How to Reimagine a Historic Landscape Design
Ask This Old House landscape designer Jenn Nawada uses an historic landscape design from a protégé of Frederick Law Olmsted as inspiration to transform an overgrown backyard
- Wearing gardening gloves, identify weeds and begin clearing the area by pulling out weeds from the roots. Use a rake to clear larger areas of brush.
- If there are plants which can be transplanted, use a border spade or transplant spade to dig down around the roots. Dig an outline around the root ball, position the blade under the root ball, and remove it from the ground. Place the plant on a tarp until you’re ready to replant it.
- Leave any perennial plants that can be salvaged in their current location.

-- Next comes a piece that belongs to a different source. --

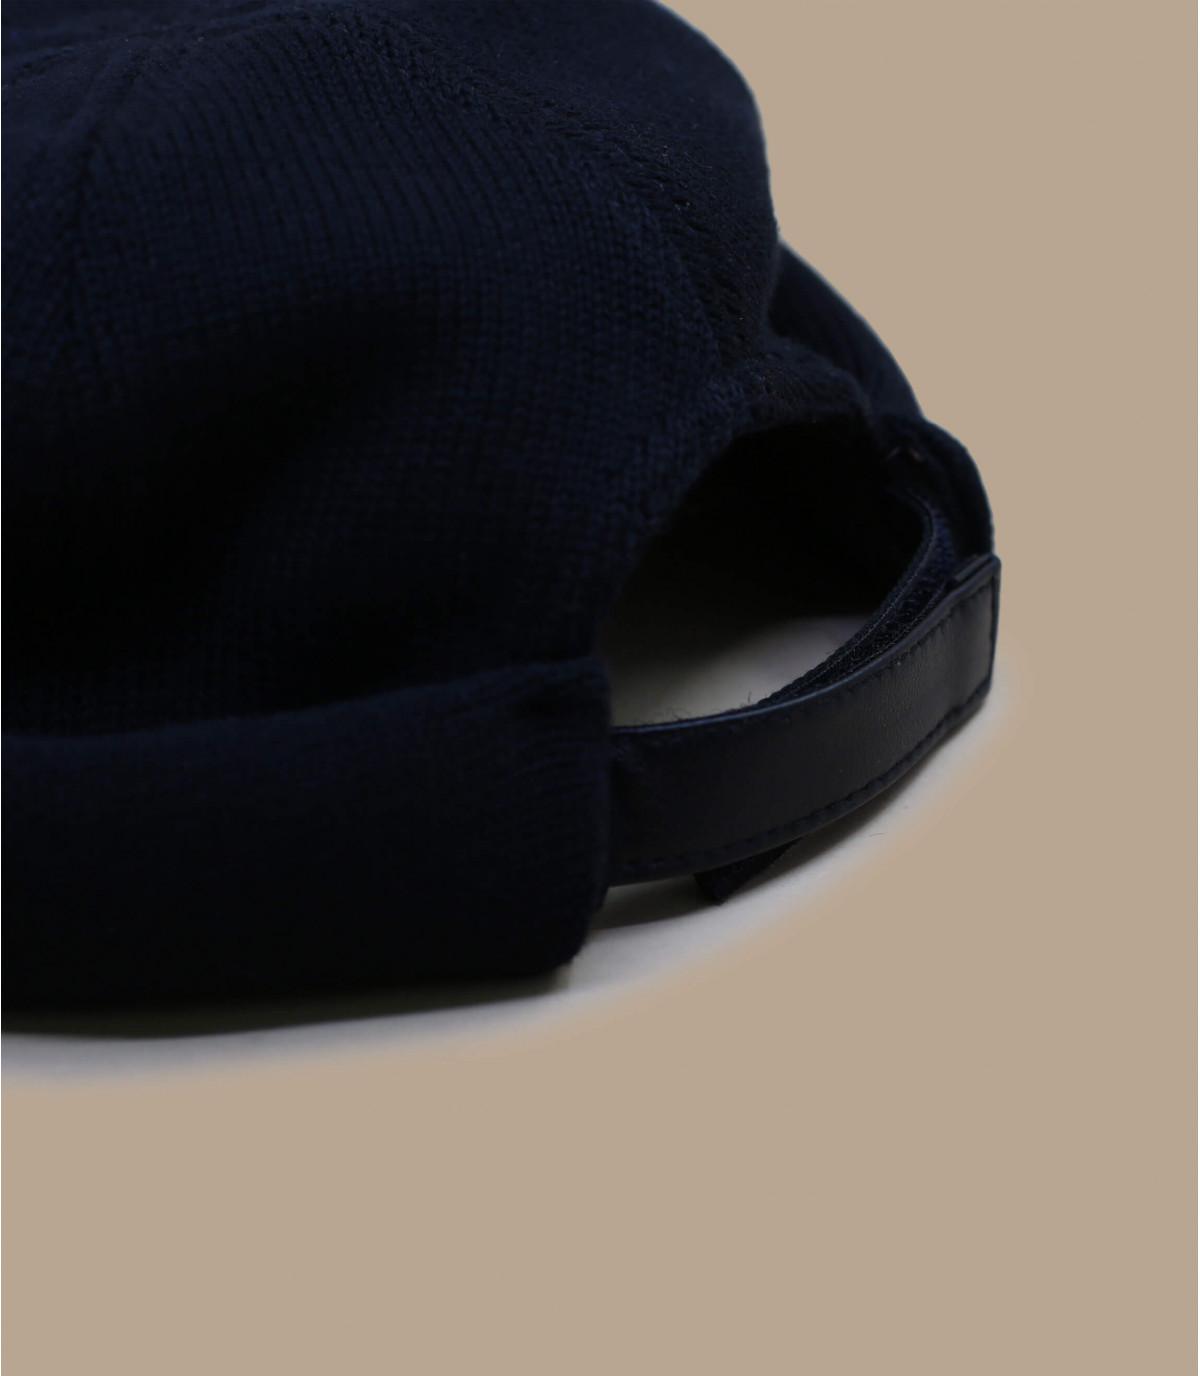 Details Docker Cotton Knit black - Abbildung 2

- With the area clear and down to the soil, lay down stepping stones. Dig down a bit to ensure the stones lay flat on the soil and backfill as needed to prevent wobbling.
- To create a makeshift trellis, put nails into a fence and tie a piece of string along the nails. Attach climbing vine plants along the string.
- While still in pots, stage the plants, keeping those with similar needs together. Consider bloom sequences so that there is year-round interest throughout the entire design.
- Remove plants from their plastic canisters by tapping them out from the bottom. Gently tease out the roots from the root ball using hands or a hand rake.
- Dig holes twice as wide as the root ball, but not quite as deep. The top of the root ball should be even with the soil line. Place plants in the holes and backfill with soil and compost mix.
- Use the same technique to transplant any salvaged plants.
- If planting new bulbs, dig a hole using a hand trowel a few inches down. Place the bulb in the ground and backfill with soil.
- When all the plants are in the ground, cover with two inches of mulch using a rake. Be sure not to cover up the stems with the mulch. This will suffocate the plant.
- Water thoroughly until the plants are established.